▶ [Task instructions] Your reply should reproduce all the data below exactly while excluding the pictures.

▶ [Recorded data]

· · · ·

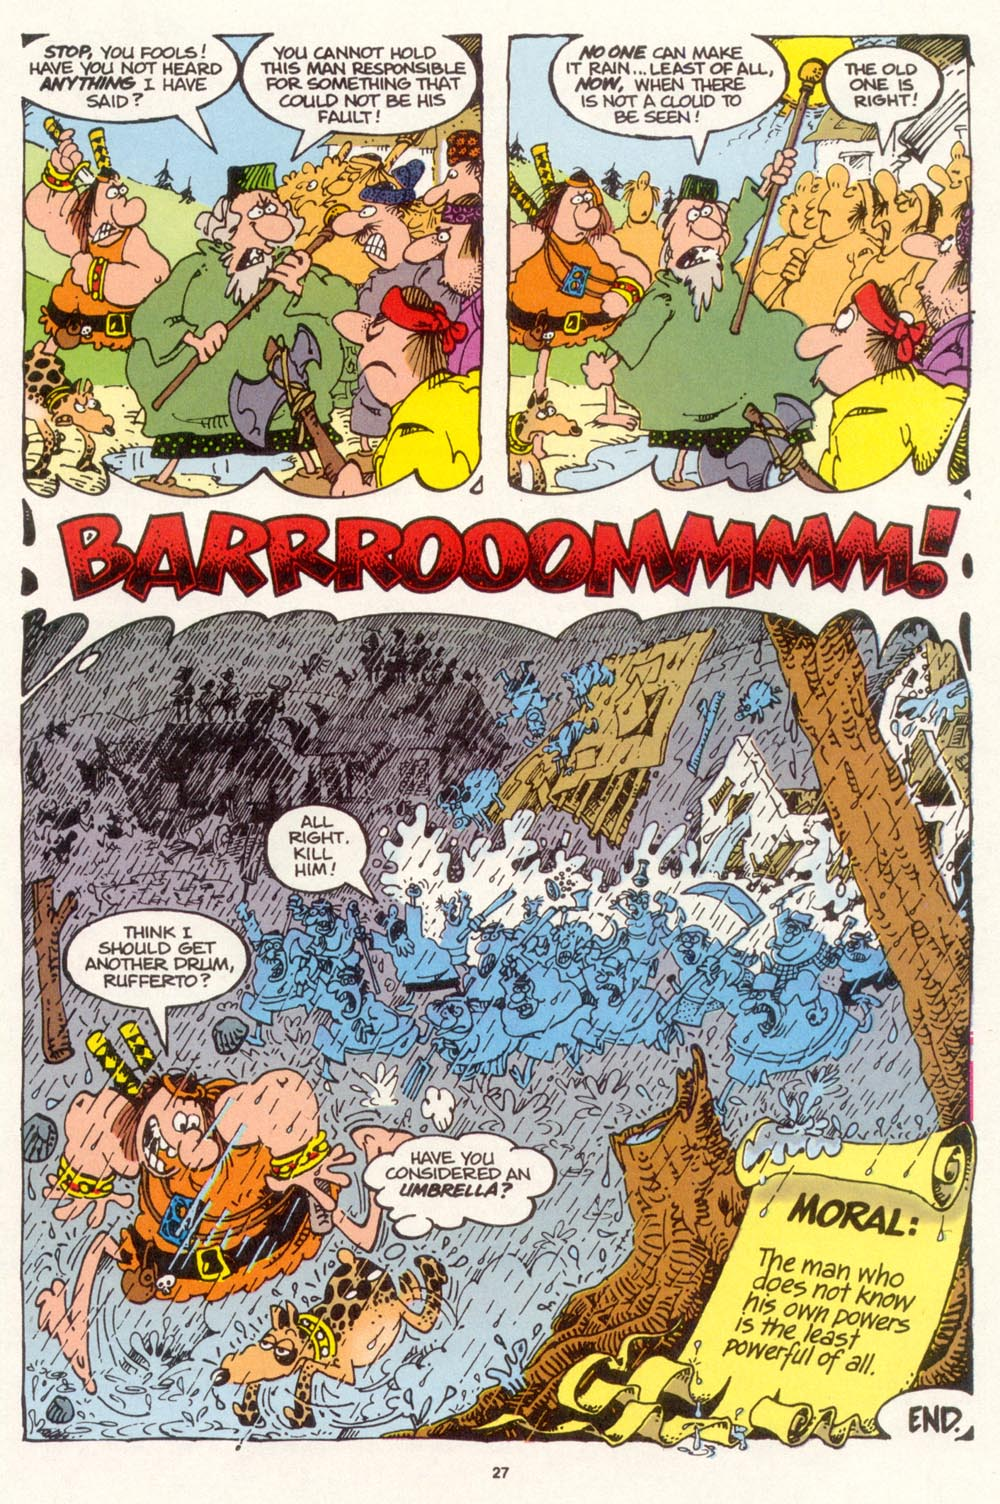 Read online Sergio Aragonés Groo the Wanderer comic -  Issue #113 - 29
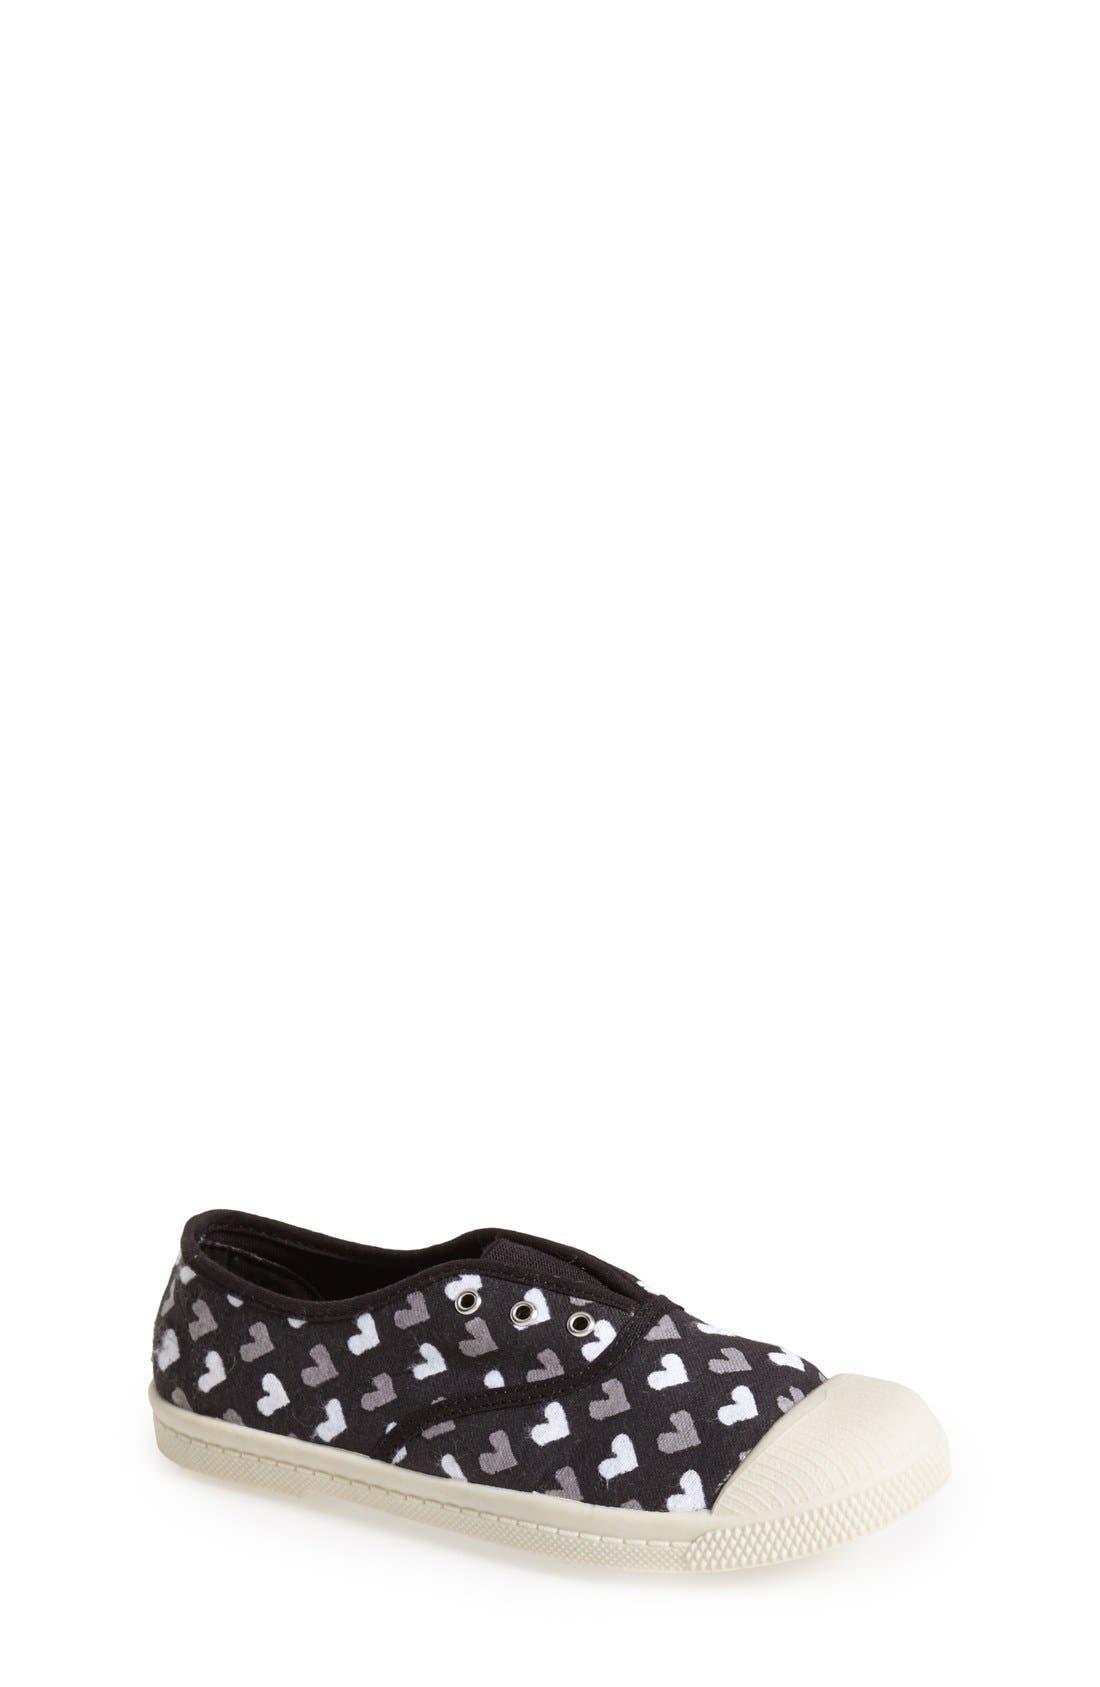 'Marin' Canvas Slip-On Sneaker,                         Main,                         color, 001
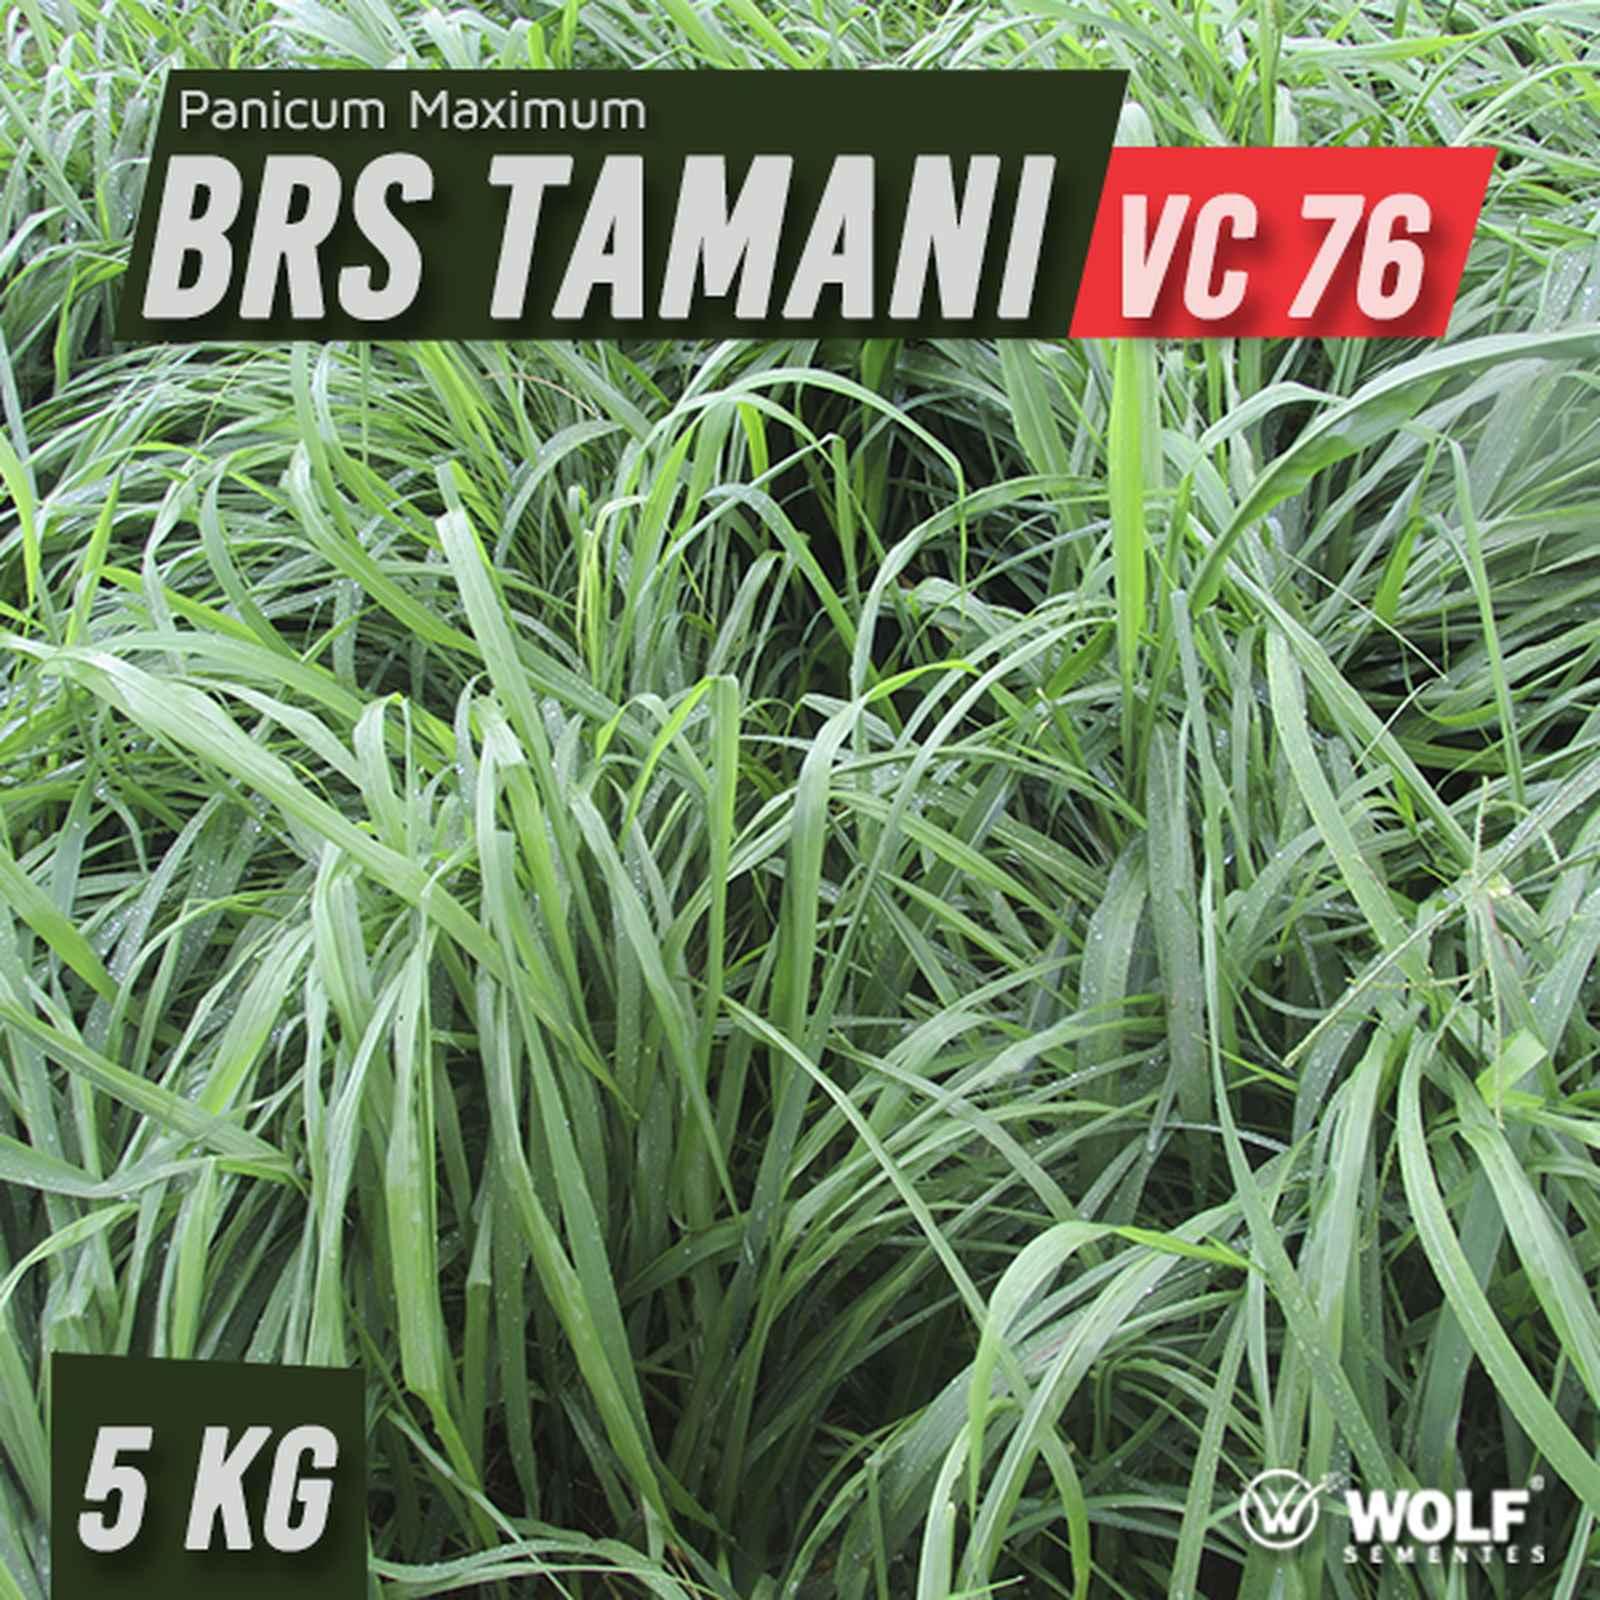 Sementes para Capim BRS TAMANI VC76 (Saco de 5kg)

· · · ·

▶ [Solution for this task]
 Read online Sergio Aragonés Groo the Wanderer comic -  Issue #113 - 29
 'Marin' Canvas Slip-On Sneaker,                         Main,                         color, 001
 Sementes para Capim BRS TAMANI VC76 (Saco de 5kg)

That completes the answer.